_ABOUT THIS TASK_
All of the data that follows is to be written out exactly, with images excluded.

_DATASET EXTRACT_
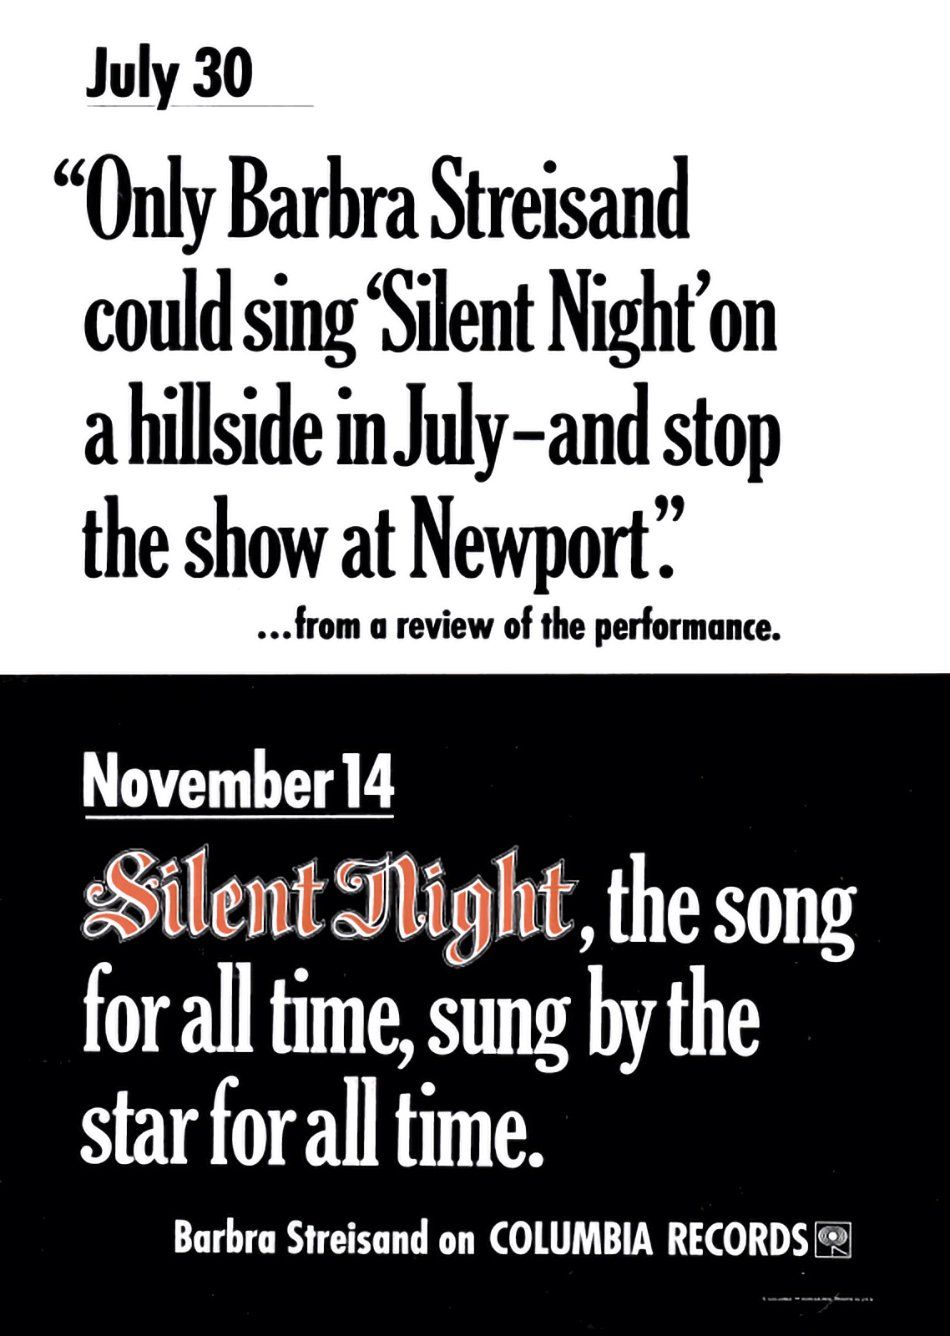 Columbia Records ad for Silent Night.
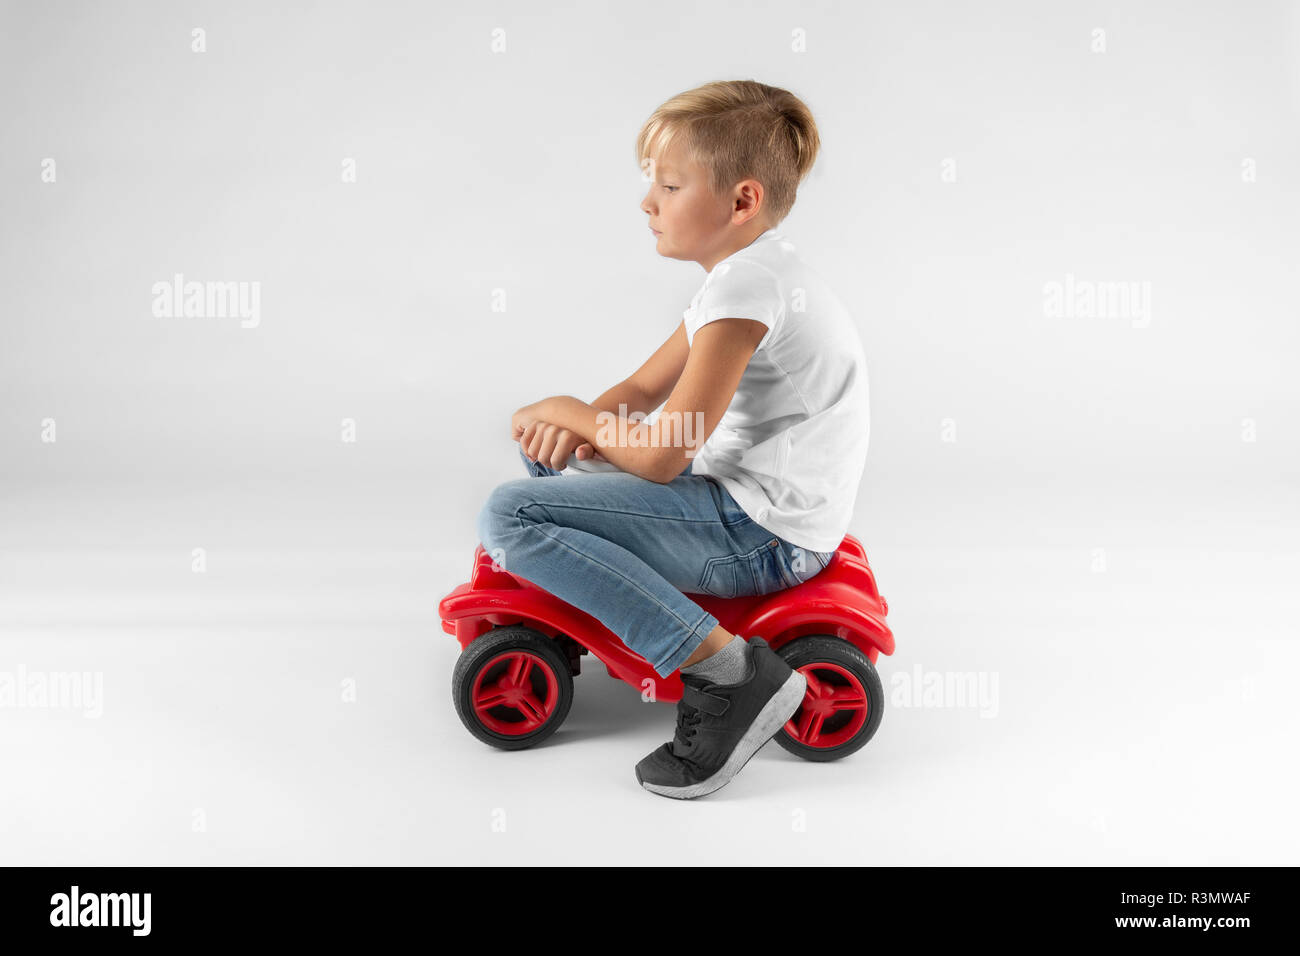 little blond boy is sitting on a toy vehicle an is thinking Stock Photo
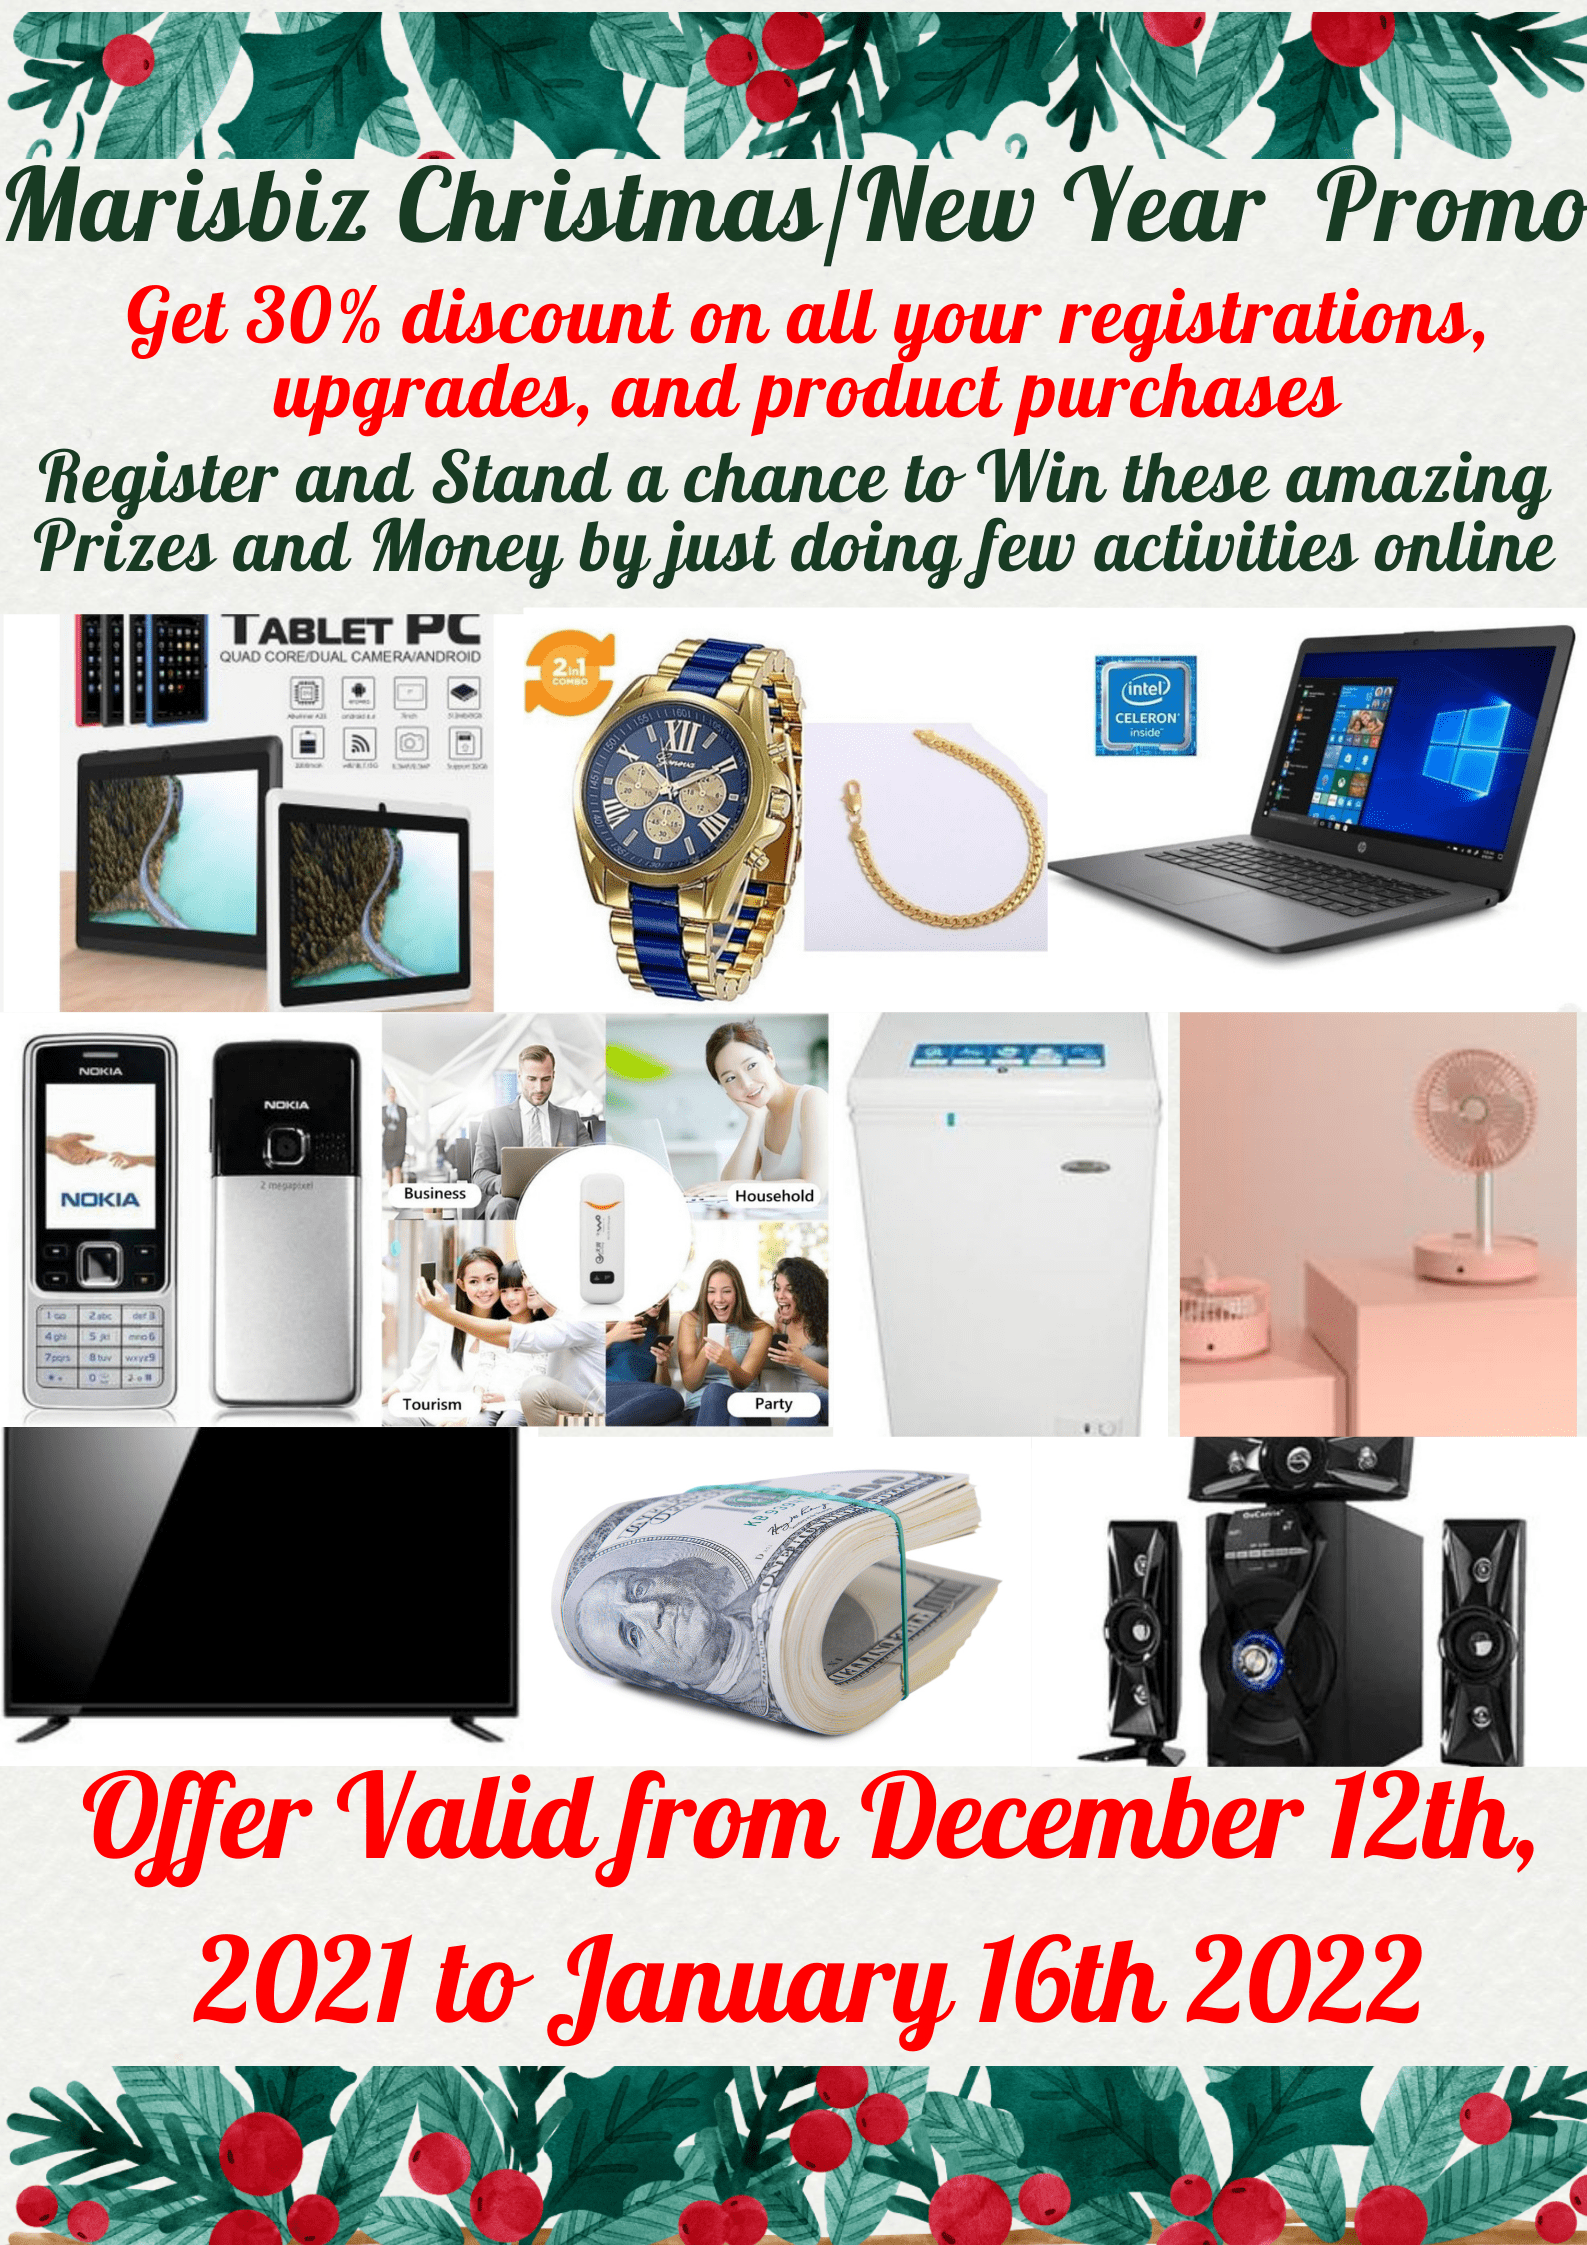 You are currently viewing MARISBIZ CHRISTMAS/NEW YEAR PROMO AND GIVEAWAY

_RESPONSE_
 Columbia Records ad for Silent Night.
 little blond boy is sitting on a toy vehicle an is thinking Stock Photo
 You are currently viewing MARISBIZ CHRISTMAS/NEW YEAR PROMO AND GIVEAWAY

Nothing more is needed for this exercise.